写真提供:マイナビニュース

写真拡大

●1月〜3月: ファルコン9の着陸再挑戦、 欧露共同の火星探査機など
探査機「ニュー・ホライズンズ」の冥王星への接近、小惑星探査機「はやぶさ2」の地球スウィングバイの成功、金星探査機「あかつき」の金星到着、またロシアのロケットや衛星の相次ぐ事故、「ファルコン9」ロケットによる世界初のロケット着陸の成功、そして中国の新型ロケット「長征六号」と「長征十一号」の打ち上げ成功など、さまざまな話題にあふれた2015年が幕を閉じた。

そして2016年もまた、昨年に負けず劣らず、多くの興味深い宇宙開発の話題が待ち構えている。

今回は、今年予定されている数多くのロケットの打ち上げや探査機の活動の中から、特に注目したいものを紹介する。
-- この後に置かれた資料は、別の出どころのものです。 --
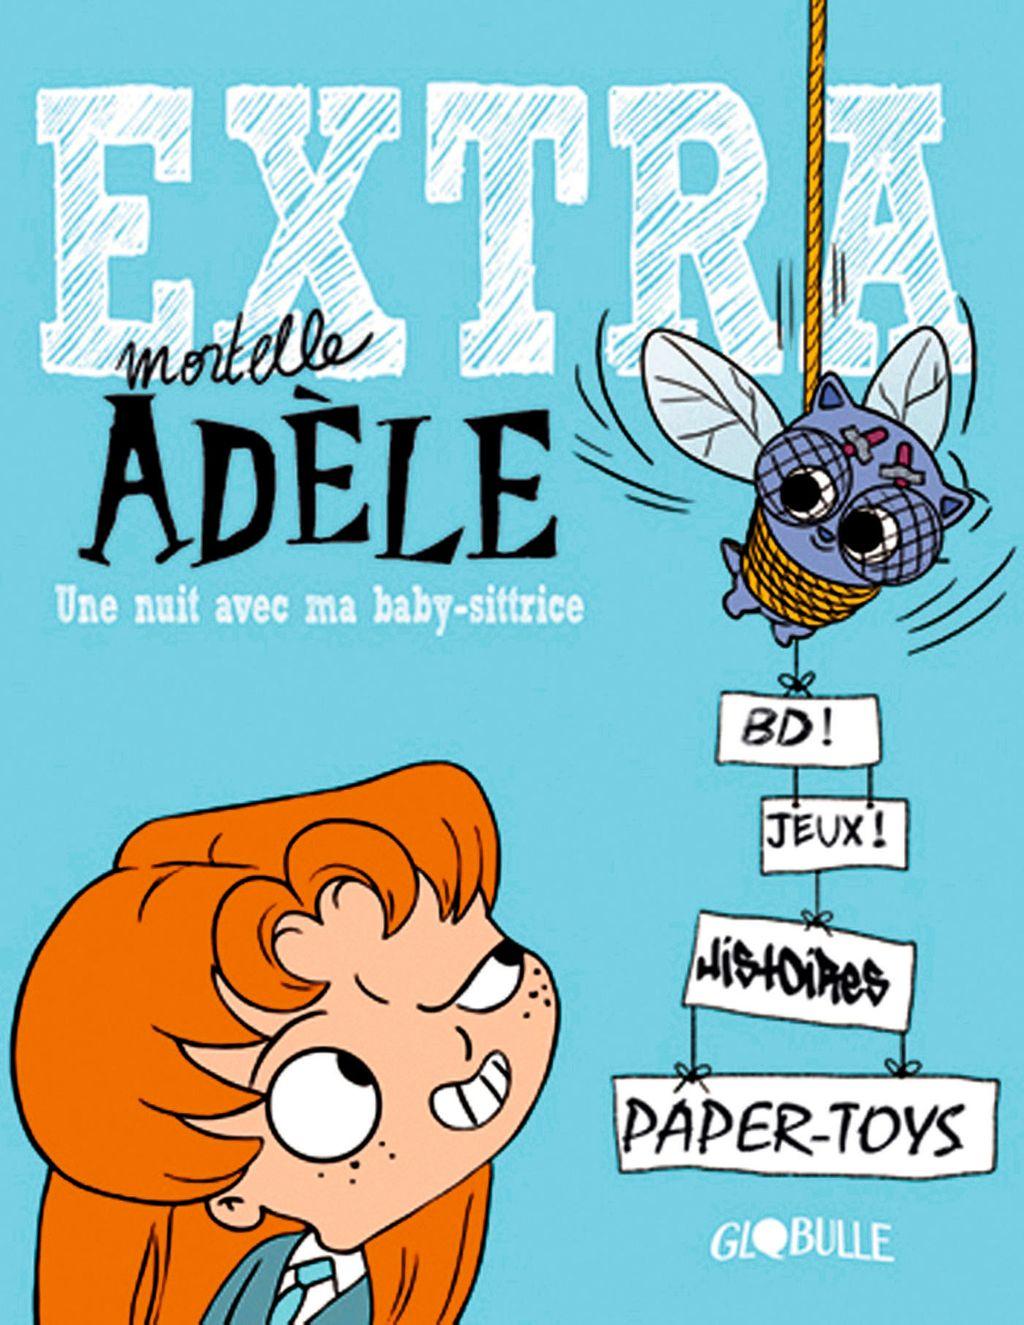 «Extra Mortelle Adèle T1 – Une nuit avec ma baby sittrice» cover

なお、日時はすべて1月6日時点での予定に基づくものであり、今後延期される可能性もあるので、ご留意いただければと思う。また文末に、ロケットの打ち上げ予定を掲載しているWebサイトを紹介しているので、最新の情報はぜひそちらをご参照いただきたい。

○1月18日: 「ファルコン9」ロケット、海洋観測衛星「ジェイソン3」打ち上げ 着陸試験も

ジェイソン3は米国と欧州が開発した海洋観測衛星で、海面高度の変化や、地球温暖化による気候の変化などを観測することを目的としている。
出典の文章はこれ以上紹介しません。